> **Collected material**
=== Begin Enclosure ===
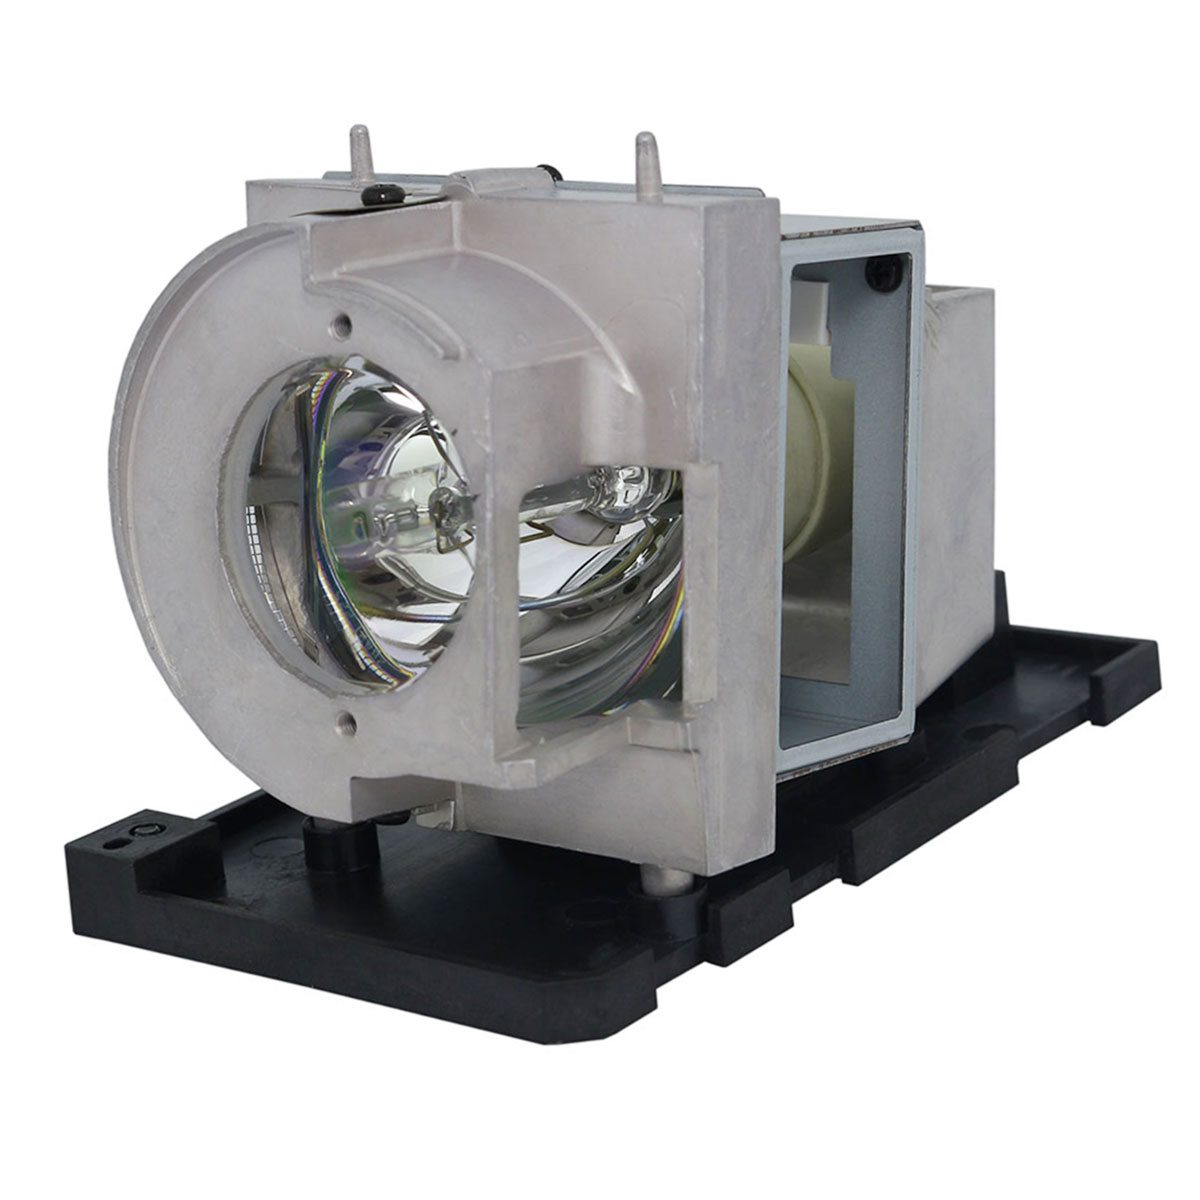 Original SP.71K01GC01 Replacement Lamp & Housing for Optoma Projectors - image 1 of 7
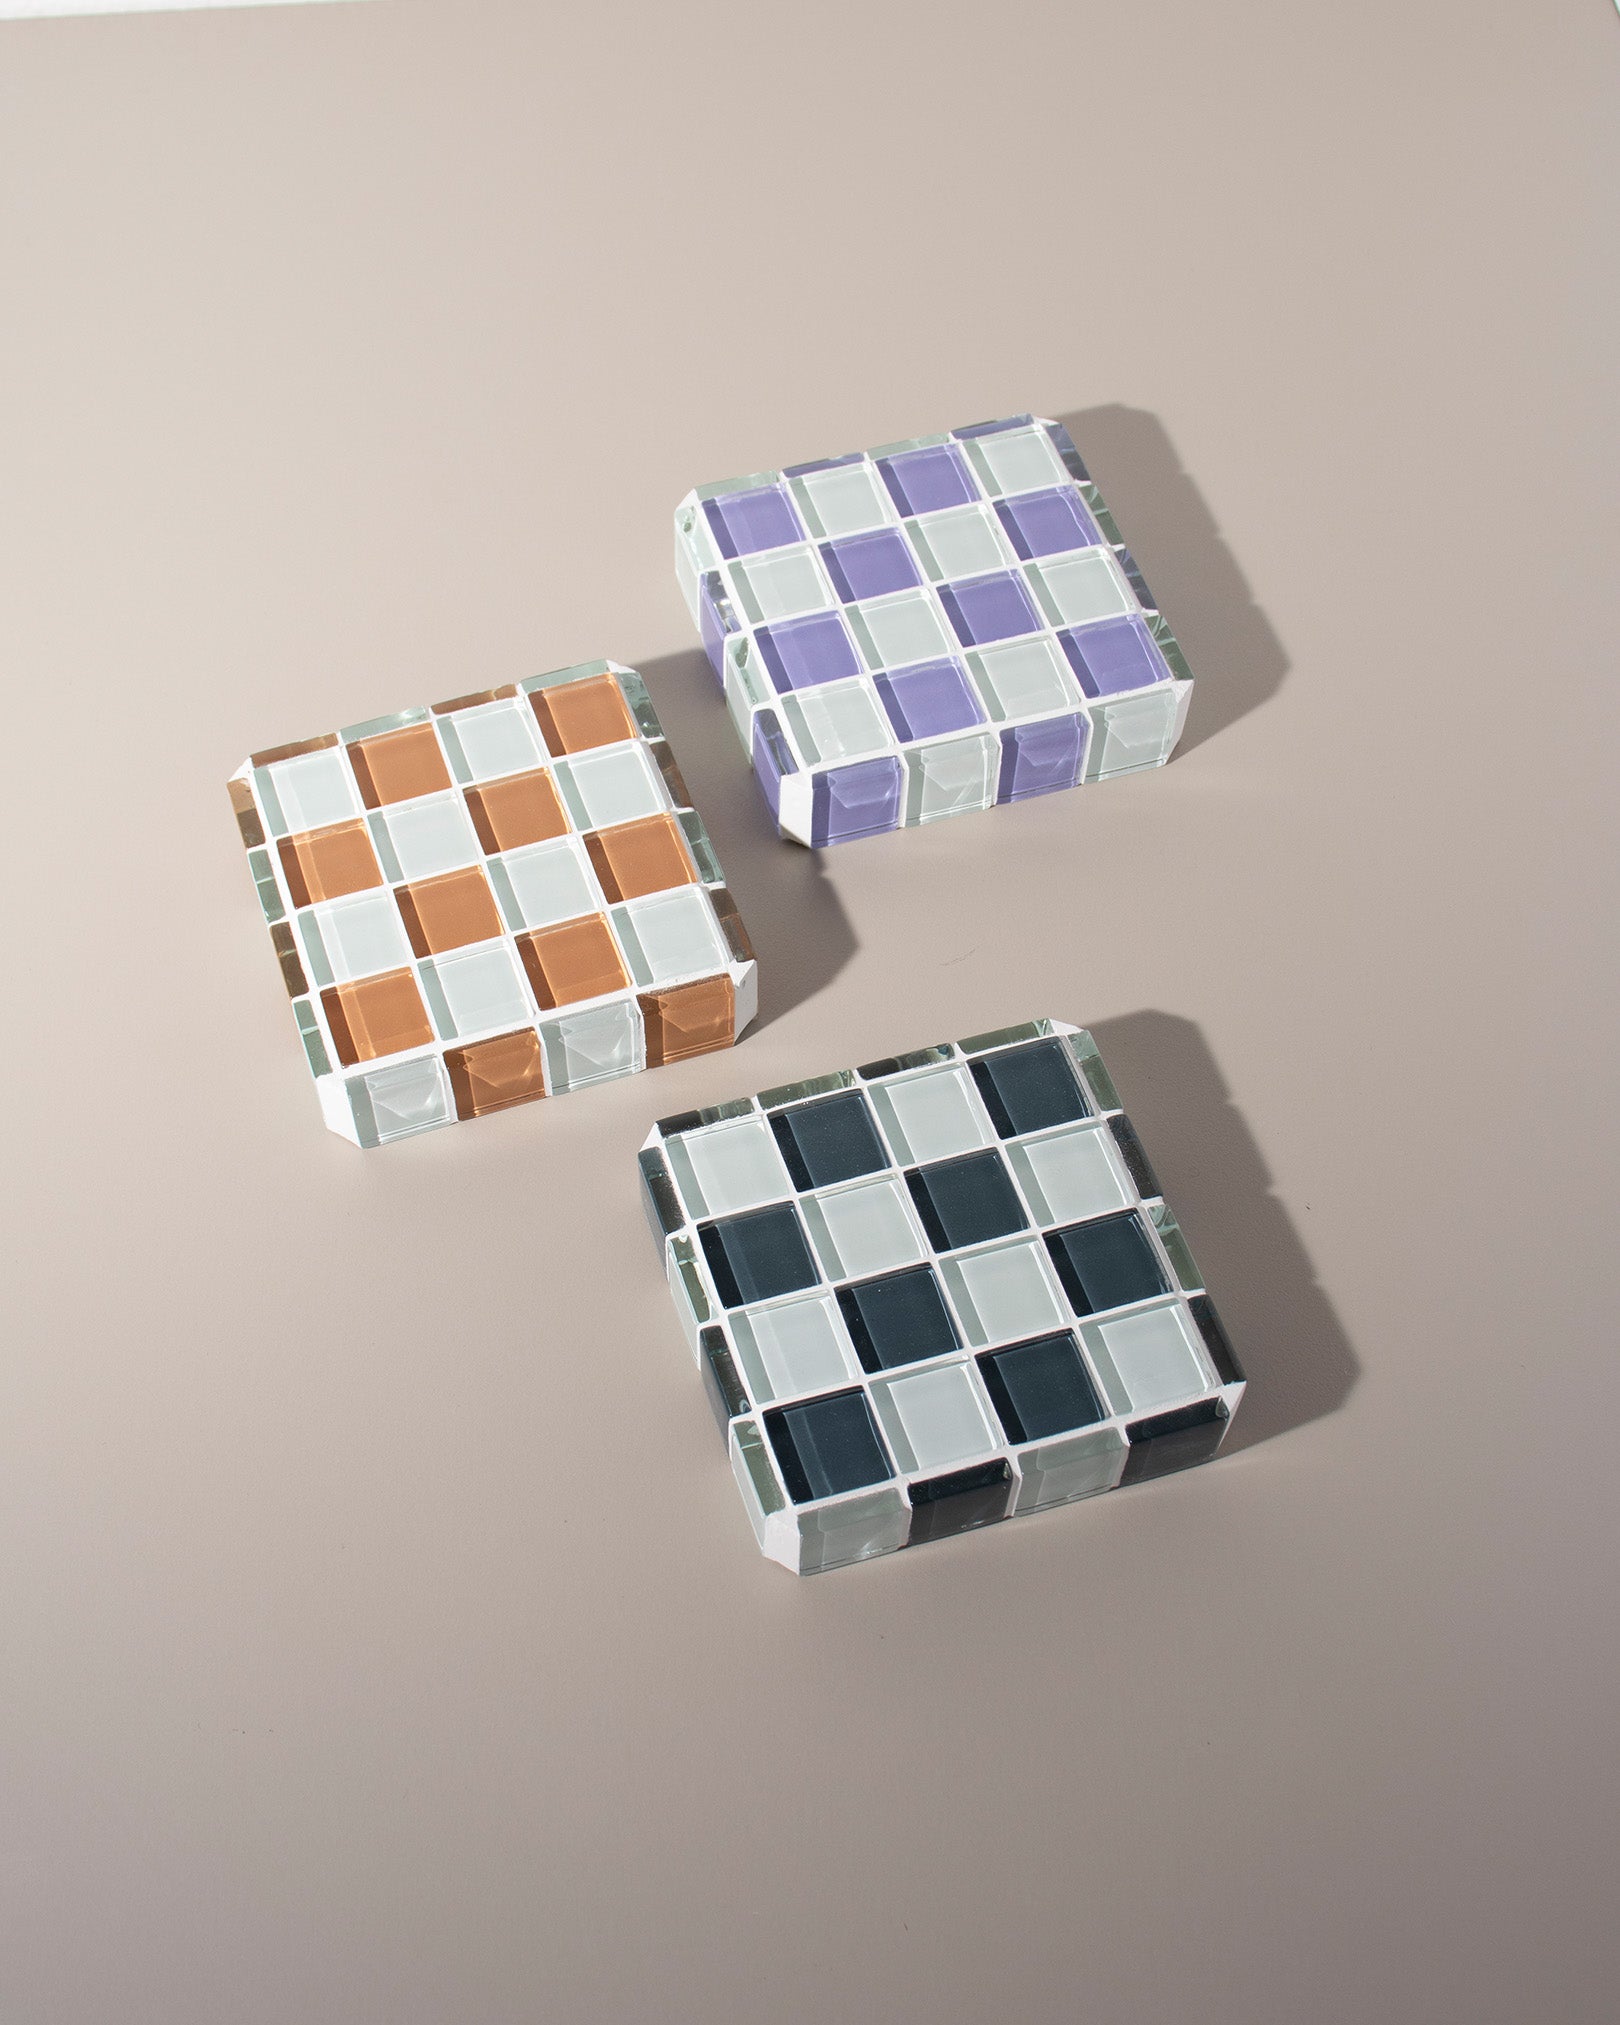 GLASS TILE CUBE - Stone Wall
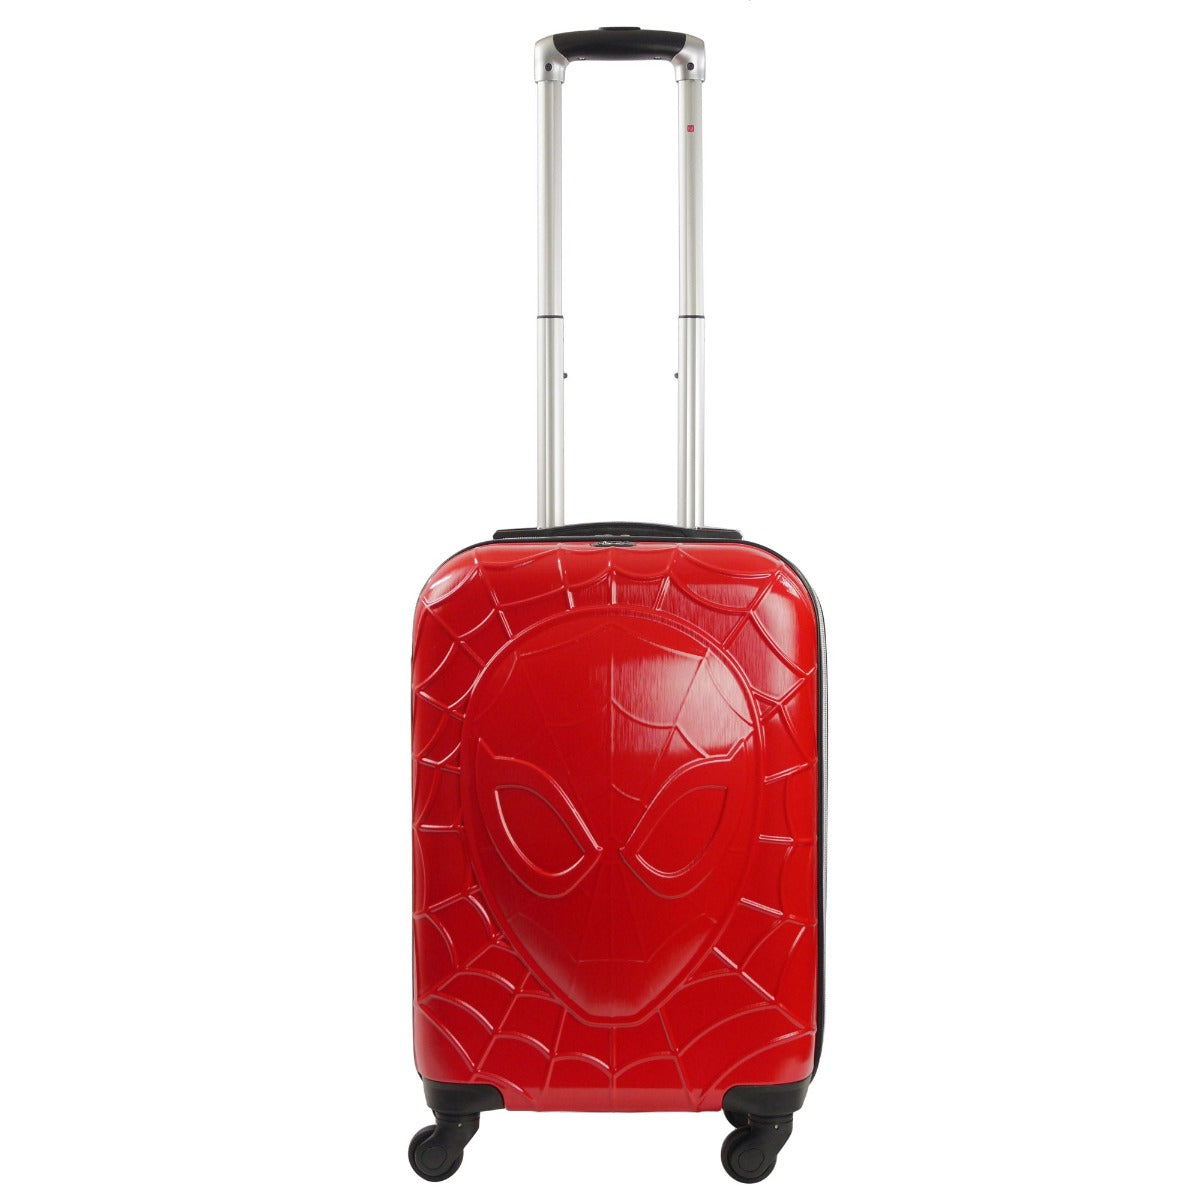 Marvel Ful Molded Spiderman 4 Wheel Spinner 23 inch Carry on Hard Sided Luggage
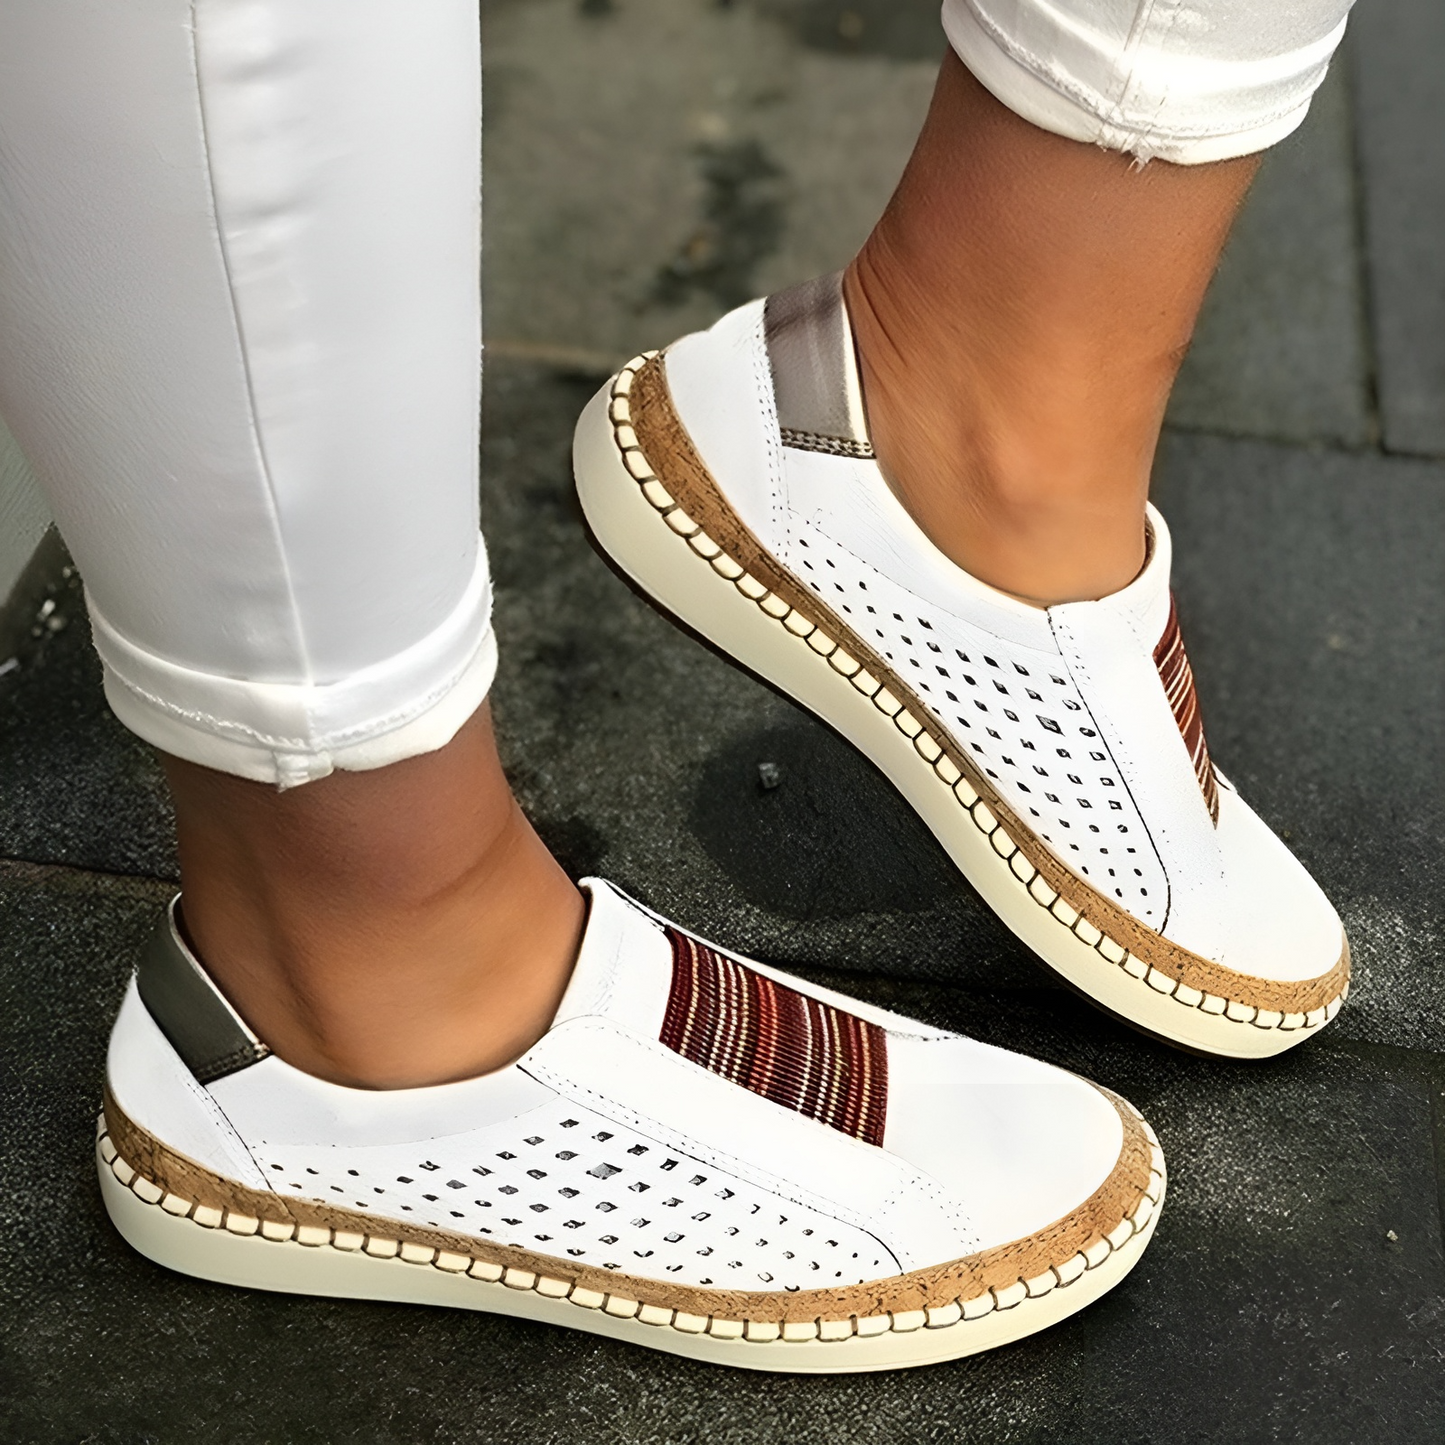 CMF Women Loafers Orthopedic Genuine Leather Flat Airy Unique Casual Shoes
=== End Enclosure ===
In your copy, omit the pictures and restate every line of the data word for word.

 Original SP.71K01GC01 Replacement Lamp & Housing for Optoma Projectors - image 1 of 7
 GLASS TILE CUBE - Stone Wall
 Marvel Ful Molded Spiderman 4 Wheel Spinner 23 inch Carry on Hard Sided Luggage
 CMF Women Loafers Orthopedic Genuine Leather Flat Airy Unique Casual Shoes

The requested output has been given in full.